Attendees will view “Consider the Conversation.” It will be followed by discussion with Teri Metropulos, hospice manager; Jim Frank, chaplain; and Sarah Mickelson, social worker, all with ThedaCare At Home. Advanced directives will be available.

“It is so hard for families to begin these conversations when their loved one is nearing the end of their life,” said Tammy Malweski, ThedaCare At Home marketing liaison. “They may wonder, did I do the right thing, is this what they would of wanted?”

How you want to live at the end-of-life is a discussion many families tend to avoid. But having the conversation can improve quality of life because it prevents unnecessary physical, emotional, spiritual and social suffering.

“Acknowledging death and openly dealing with end-of-life issues, often allows for good things to happen,” she said “Fear is often alleviated, and it can be a time when people create profoundly intimate and meaningful experiences together, complete unfinished business, resolve issues, reconcile after estrangement, and experience spiritual growth.”

“This is such an important topic for families and individuals to discuss before a crisis occurs. Everyone needs to have in place what are their goals, their wishes, so their families understand and will respect when the time may come,” Frank said.

Malweski said families can open up the conversation during the five D’s: with every new decade of a person’s life; after the death of a loved one; after a divorce; after any significant diagnosis and after any significant decline in functioning.

The film does not provide any particular answer, said Bernhagen, director of community engagement at Rainbow Hospice Care in Jefferson. “It’s not a hospice film, for example, and it’s certainly not a film about physician assisted suicide,” he said. “Instead, our documentary provides something far more important than an answer.
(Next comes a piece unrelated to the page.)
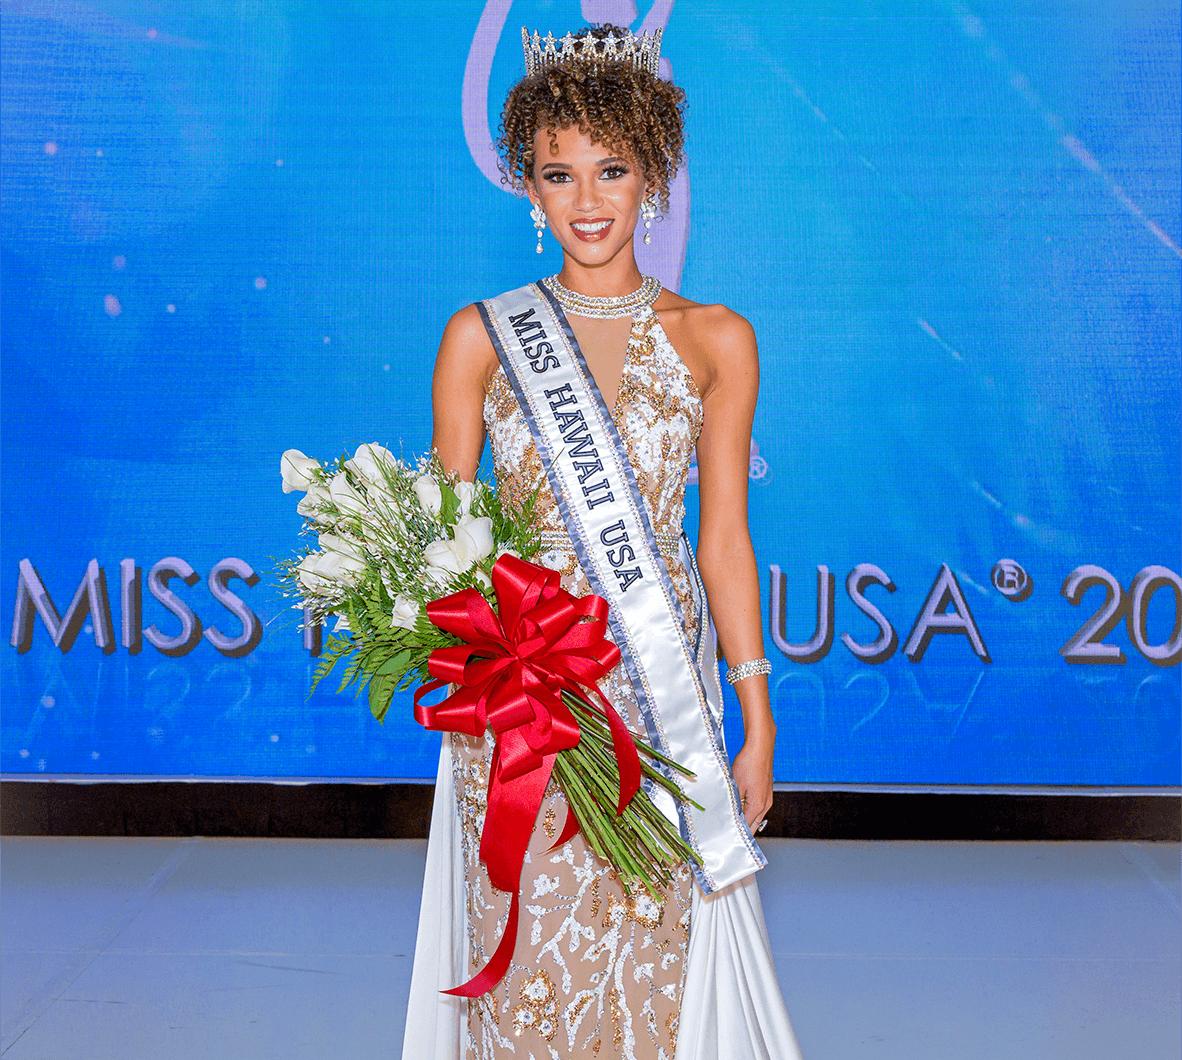 Samantha Neyland was crowned 2020 Miss Hawaii USA on November 10, 2019. Photo Credit: BK Photo

It asks some of the questions only the viewer can contemplate and answer for him/herself.”

It is up to viewers to answer questions like where they want to be when they die, with whom, what kind of quality of life they desire and more.

“Consider the Conversation is a beautiful film about a difficult subject,” said Bernhagen. “Unlike a lot of documentaries on end-of-life care, it isn’t graphic, clinical or depressing. After watching this movie in the theater, people leave feeling deeply moved and inspired to begin thinking and talking about their wishes with those who matter most to them – their spouse, their children, their doctor and their pastor or priest.”

To date, “Consider the Conversation” has aired more than 350 times on PBS stations in 29 states and won 10 major awards including one for journalistic excellence and four for use of film for social change and viewer impact.